A week 53 arises in payroll when there is an extra payday in the tax year. It only applies to employees who are paid weekly (week 53), fortnightly (fortnight 27) or 4-weekly (4-weekly 14).
If an employer changes a payday during the year, or in the previous year, resulting in a ‘week 53’ payday, no additional tax credits or rate band are due. This also applies where a payment, including a notional payment, is made to an employee on 31 December (or 30/31 December in a leap year) and it is not the employee’s normal payday.

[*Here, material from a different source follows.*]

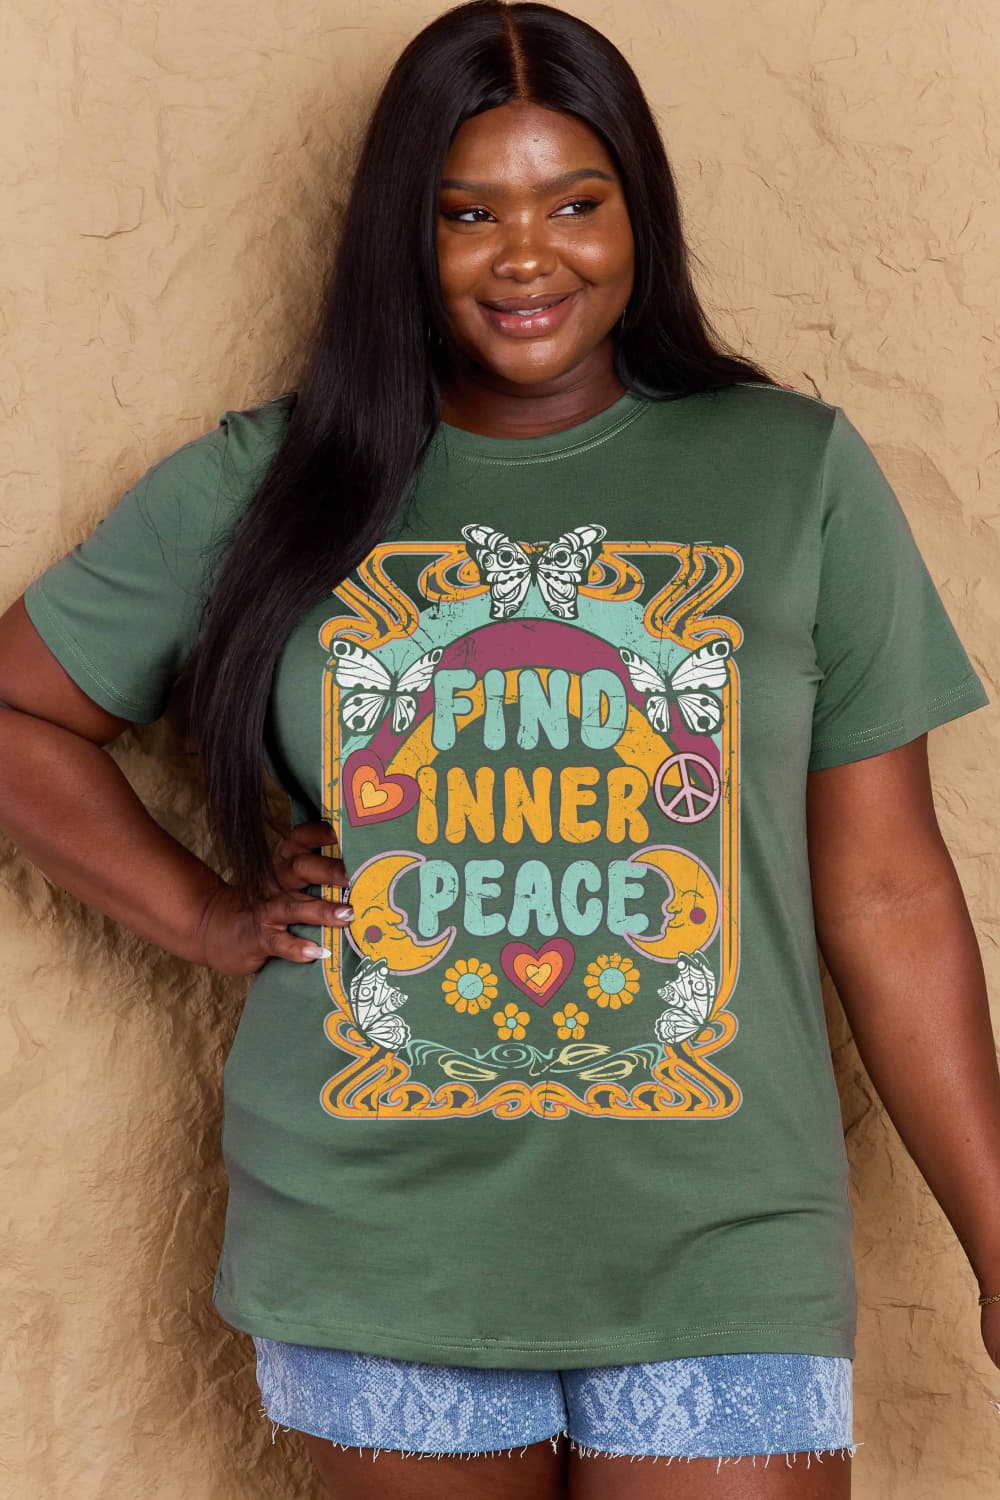 Full Size FIND INNER PEACE Graphic Cotton T-Shirt

If a week 53 arises, PAYE Regulations state that the employer should use the latest Revenue Payroll Notification (RPN) to apply an extra pay period’s tax Credit and cut-off points and deduct Income Tax and Universal Social Charge (USC) on a Week 1 basis. If the emergency tax basis applies to an employee, then the employer must continue to apply the normal rules that apply to the calculation of income tax or USC on an emergency basis.
If a normal week 53 applies, your payroll software will automatically apply the rules, as outlined above. It is highly recommended that you always run a week 53 as a separate payroll run to any other payroll period, ensuring that a separate Payroll Submission Request (PSR) is submitted to Revenue with the correct payment day.
If the normal pay date falls on the 1st January and payment is made to the Employees on the 31st of December (as the 1st is a Bank Holiday) this is not a week 53 calculation, but the first pay period of the new tax year.